エピローグ・第一節 ――千里子、静かな場所で
長澤千里子は、自分がなぜあの扉に手を伸ばしてしまったのかを、ようやく言葉にできるようになっていた。
それは、怖かったからでも、誰かに命じられたからでもない。
――呼ばれた。
それが、いちばん近い。
***
幼いころから、千里子には「見えすぎる」ものがあった。
人の感情の澱。
場所に染みついた後悔。
声にならない声。
封縁乙女と呼ばれる彼女たちの力と比べても、質が違う――
そう言われたことが、一度だけある。
だが、それは褒め言葉ではなかった。
「……また、聞こえてるの?」
そう問われるたびに、千里子は首を振った。
本当は、聞こえている。
見えている。
感じている。
けれど、それを口にすれば、距離が生まれることを、彼女は知っていた。
人と違うということ。
それは、特別である以前に、孤独だった。
***
影の扉は、静かだった。
恐怖も、痛みもない。
ただ、すべての“雑音”が消えていた。
「……ここ、は……」
誰の声も聞こえない。
誰の感情も流れ込んでこない。
隔絶された空間は、千里子にとって――
初めての「休息」だった。
誰にも合わせなくていい。
誰の期待にも応えなくていい。
そこに潜む異質さや狂気に、気づかなかったわけではない。
けれど、それでも。
「……少しだけ、ここにいたい」
そう思ってしまったことは、紛れもない真実だった。
***
救い出されたあと、千里子はしばらく保健室で過ごした。
眠っているあいだ、夢は見なかった。
それが、何よりの証だった。
放課後。
廊下で声をかけられたのは、意外な相手だった。
「……長澤さん、だよね」
「中峰……さん?」
隣のクラスの中峰陽子。
有名人だ。
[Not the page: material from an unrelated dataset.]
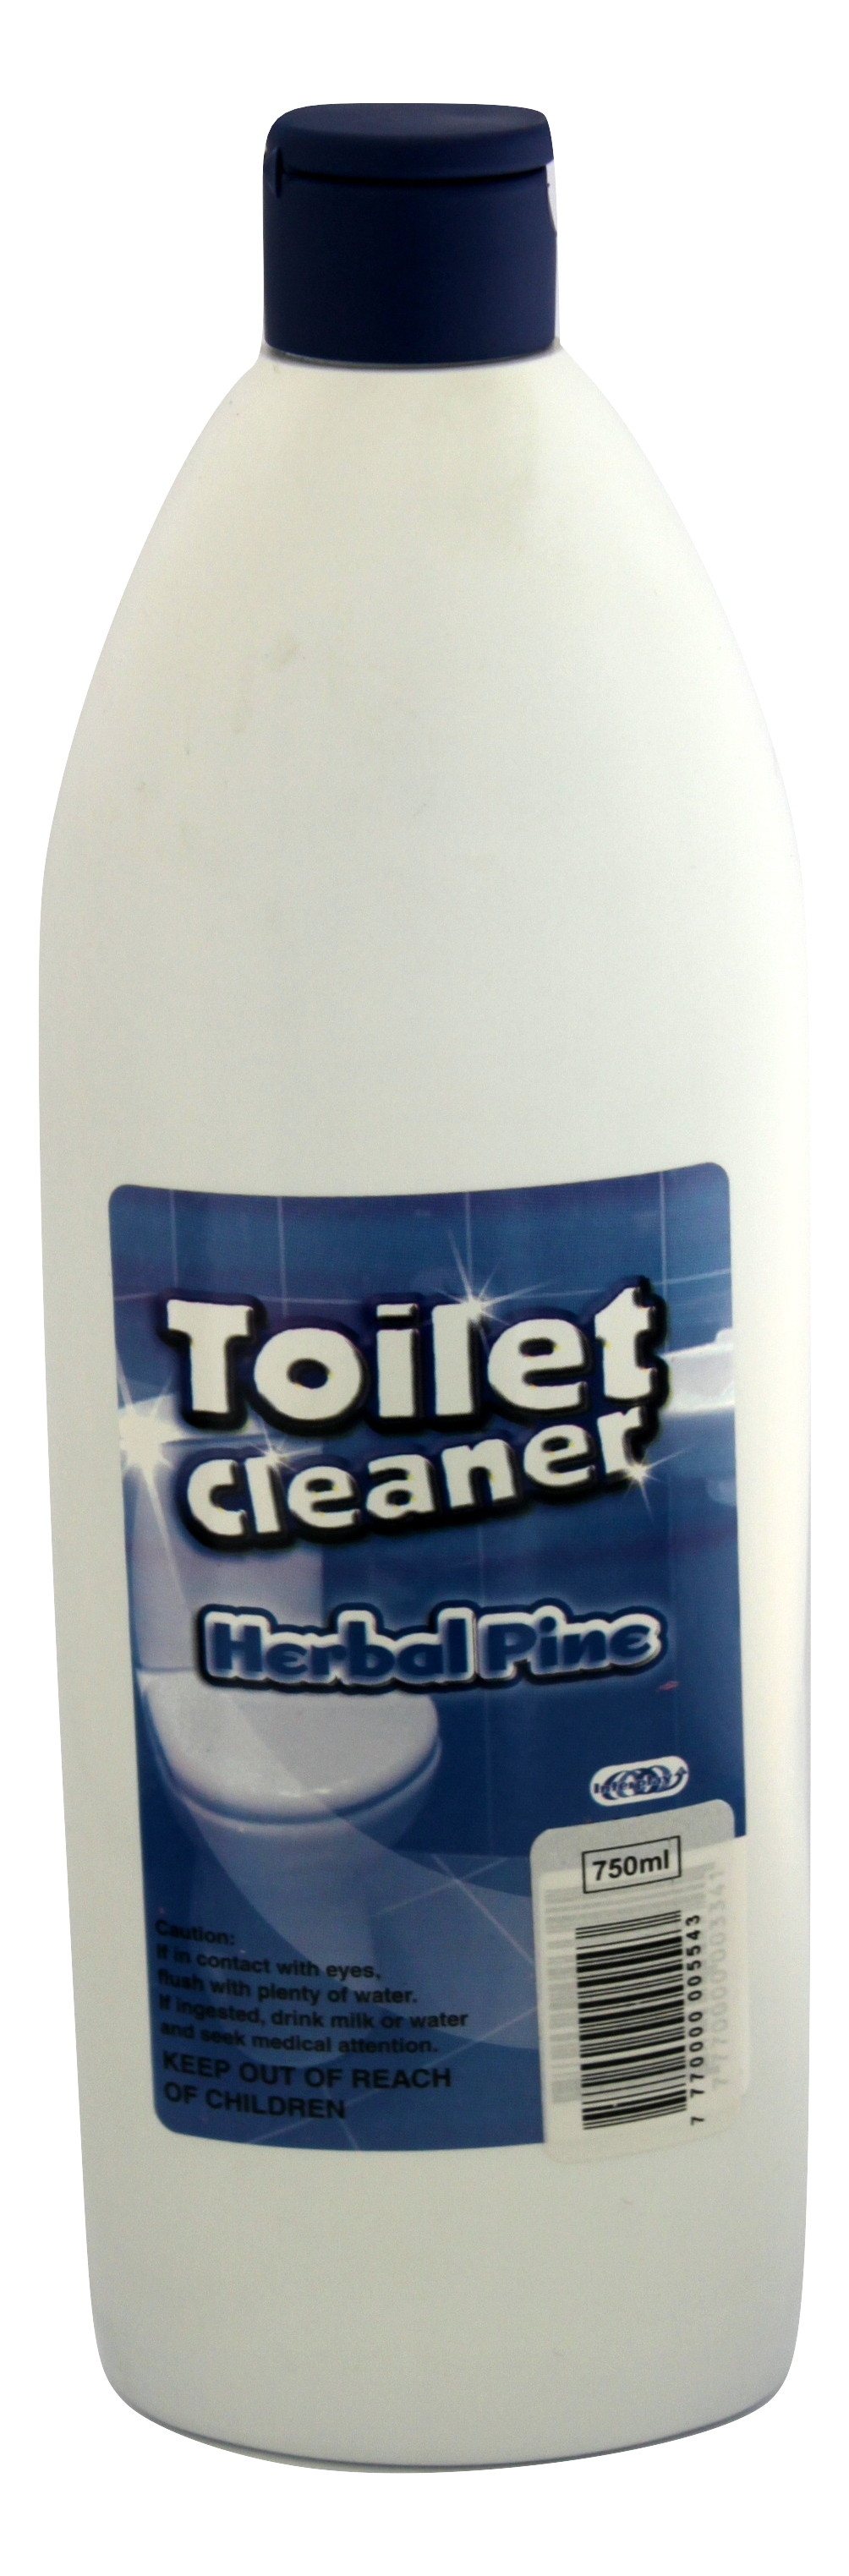 toilet-cleaner-

良くも悪くも。
「体調、大丈夫?」
「うん。もう平気だよ」
形式的なやりとりで終わると思っていた。
だが、陽子は立ち去らなかった。
「あのさ」
少し言い淀んでから、続ける。
「見える、でしょ」
千里子は、息を止めた。
「……どうして」
「分かるよ」
陽子は、柔らかな笑みを浮かべた。
「私も、そうだから」
***
二人は、すぐに親友になったわけではない。
距離は慎重で、会話も少ない。
けれど、沈黙が苦ではなかった。
見えるものの話。
聞こえてしまう声の話。
誰にも言えなかった、胸の内。
それを共有できる相手がいることが、千里子には新鮮だった。
「……陽子は、怖くないの?」
「怖いよ」
即答だった。
「でも、独りよりはマシ」
その言葉に、千里子は小さく笑った。
***
その様子を、少し離れた場所から見ている人物がいる。ゴスロリの衣装に身を包んだその人物は、校舎の角に身を隠しそっと覗いている。もちろん詞縁を使い人払いをしている。目立ちすぎなのは自分が一番よく分かっているのだ。
「……ふぅん?」
美海だった。
腕を組み、表情はいつも通り。
だが、視線は鋭い。
「陽子が、あんな顔するなんて」
嫉妬――と呼ぶには、少し幼い。
けれど確かに、胸の奥がざわつく。
「ま、いいか」
美海は小さく笑った。
「奪う気はないみたいだし」
それに、と。
「守るって決めた子が増えるのは……悪くない」
***
千里子はまだ、自分の力をどう扱えばいいのか分からない。
けれど。
独りで抱え込まなくてもいい、ということを知った。
あの扉の向こうで得た安らぎは、確かに真実だった。
だが――
今は、こちら側で息をしていたいと思える。
縁は、切れなかった。
けれど、結び直すことはできる。
千里子は、ゆっくりと歩き出していた。